Clinicians as counselors. In the 1960s and 70s, doctors had a sort of paternalistic role—doctor knows best, Gawande said. By the 80s and 90s, “we had rejected that, appropriately, in favor of the idea that what we wanted to do was be informative doctors, nurses, and clinicians. We wanted to give people clarity about what the facts were in their situations and what their options were,” he said.

But conversations Gawande had with palliative care clinicians and geriatricians made it evident that there’s a third role: counselor. “The counseor gets really clear with you what your goals are, what your priorities are, what you’re willing to sacrifice and not willing to sacrifice,” he said. “And then, yes, we talk about the options and make a recommendation based on our experience about what is most likely to succeed in achieving what matters to you. That’s a different role—an important role.”

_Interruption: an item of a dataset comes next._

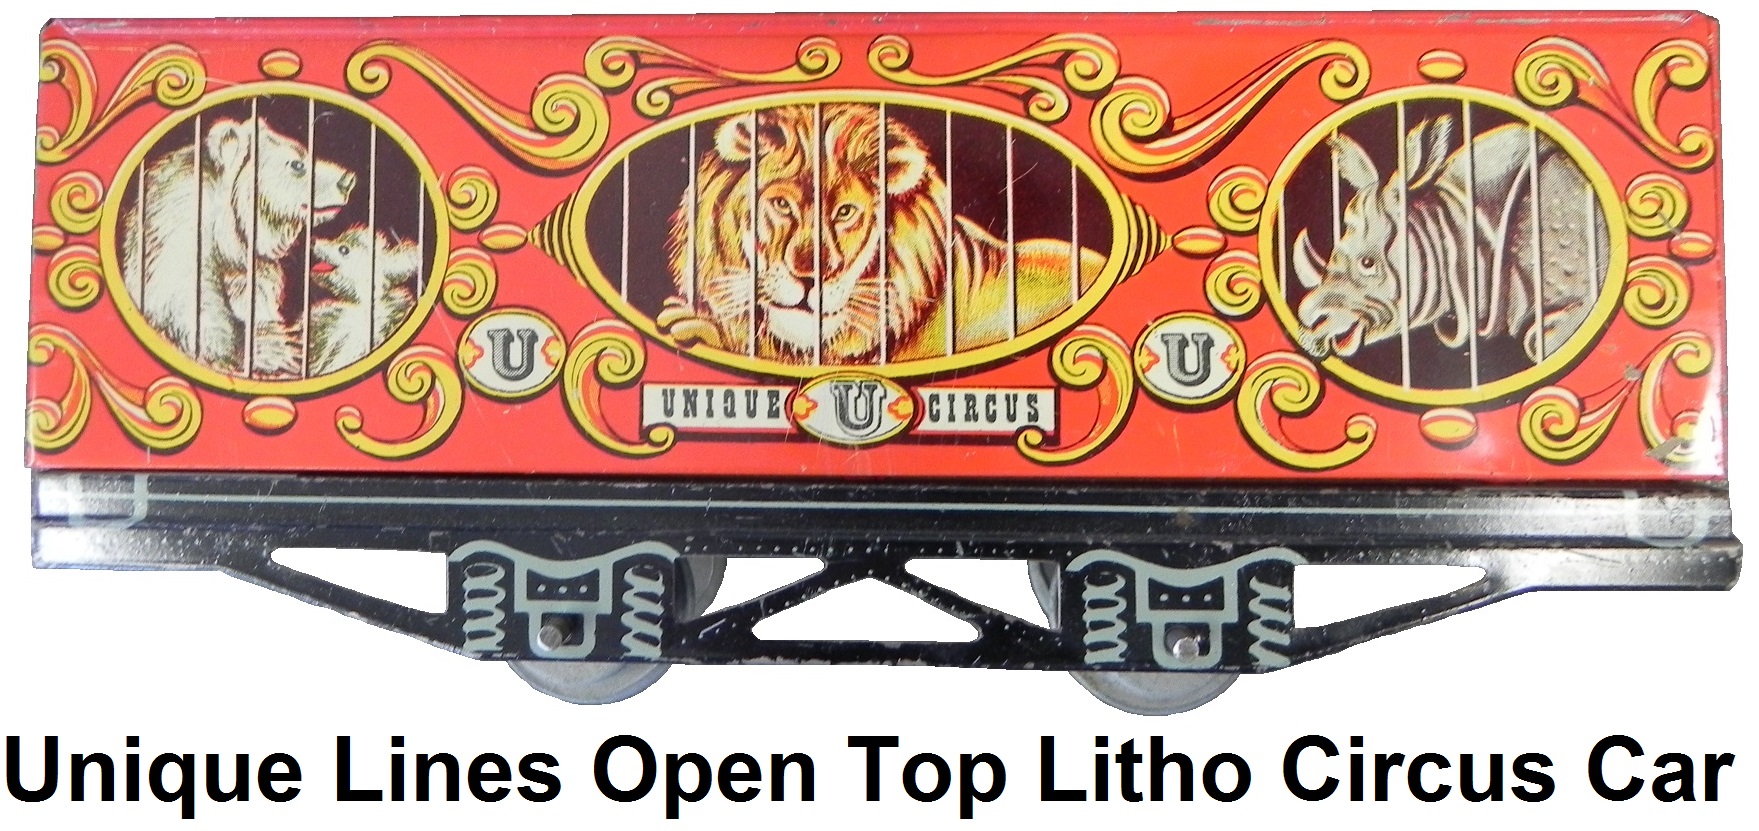 Unique Lines tinplate lithographed 'O' gauge circus car - Unique Lion version without roof
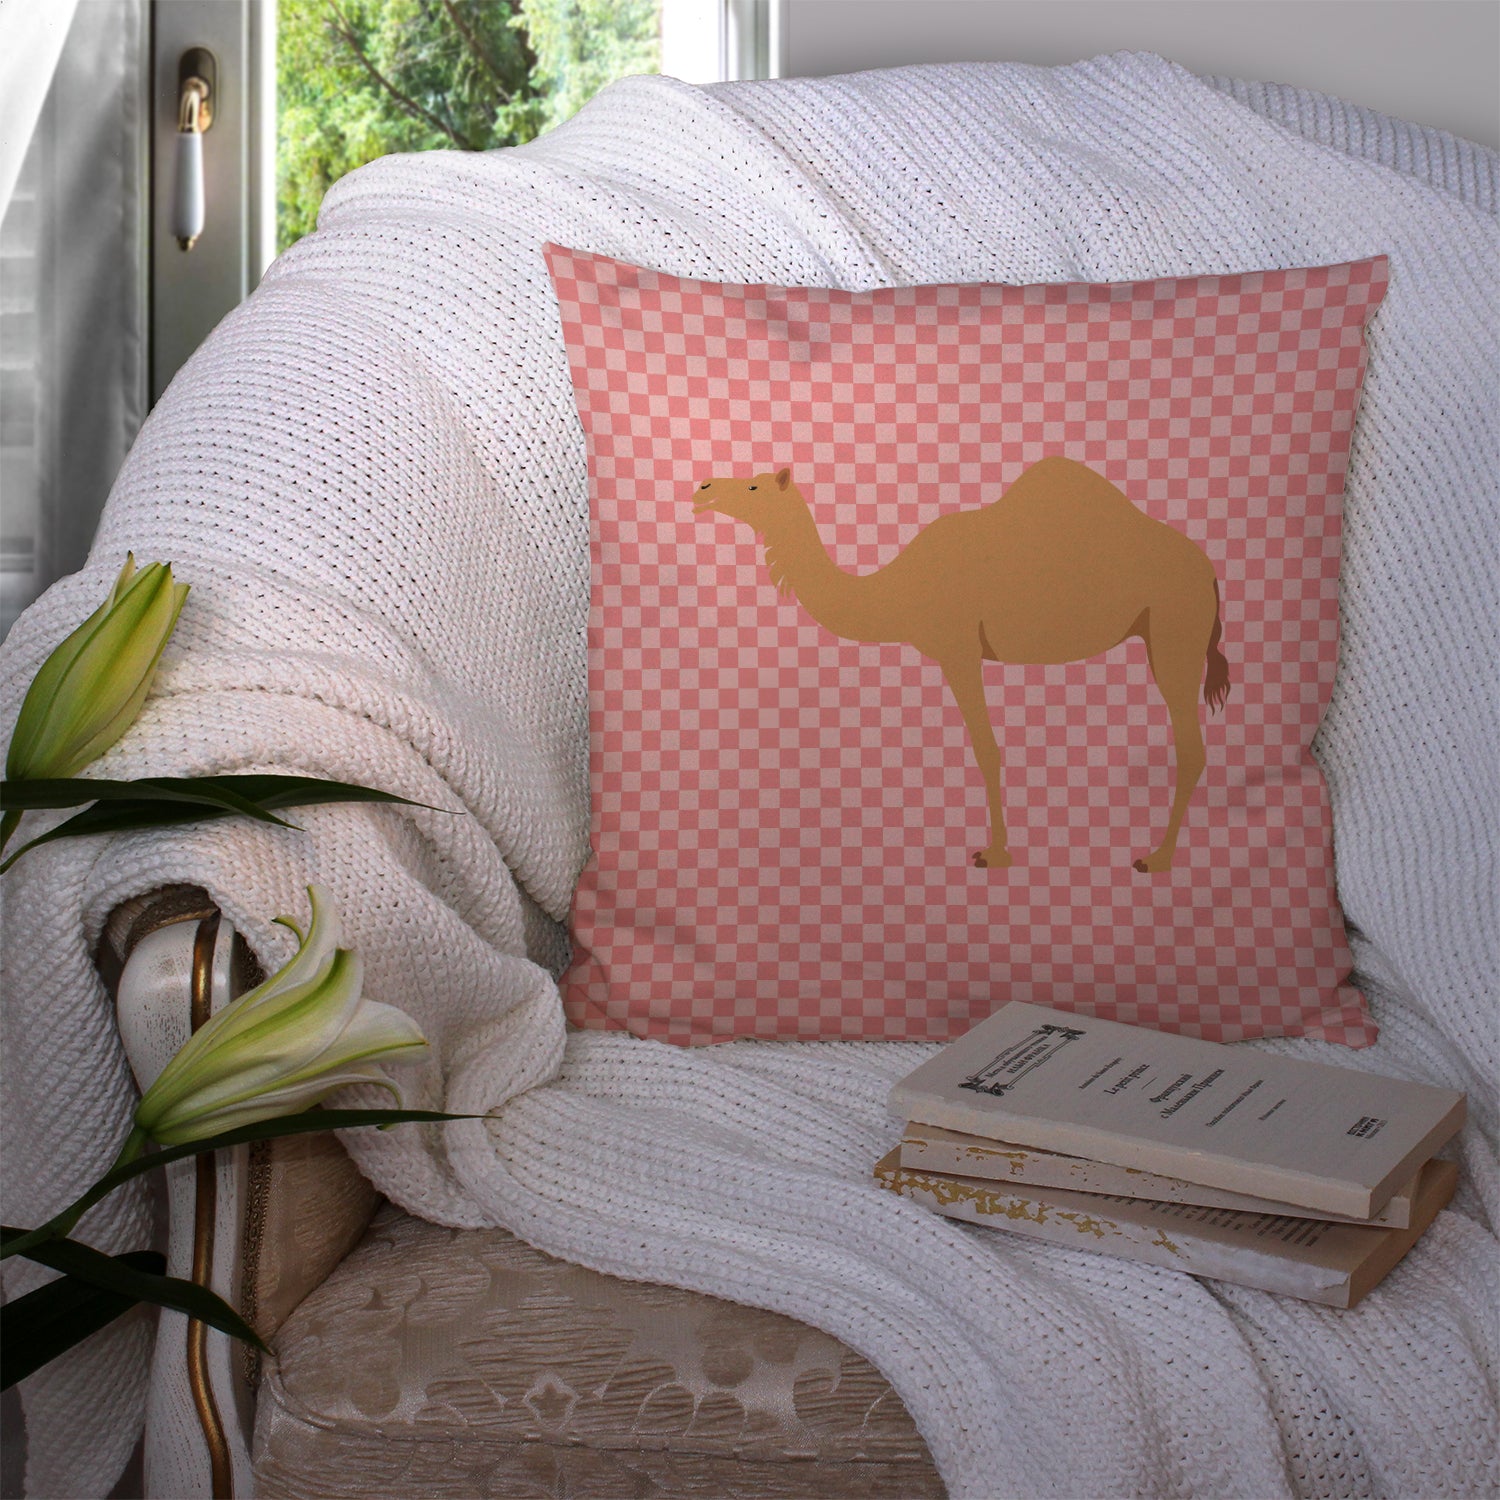 Arabian Camel Dromedary Pink Check Fabric Decorative Pillow BB7817PW1414 - the-store.com

Autonomy matters in quality of life. Gawande interviewed nursing home residents who were miserable because every aspect of their lives—bedtime, mealtime, medication time—was tightly regulated. As one person running a home told him, it was the adult children who, fearing for their parents’ safety, usually made the decision to place their parents in nursing homes. “Safety is what we want for those we love, and autonomy is what we want for ourselves,” Gawande said. “Well-being is bigger than safety and survival. Our role as counselors … is not just to make our case for what the longer-term well-being of people is, but to enable autonomy for those choices along the way.”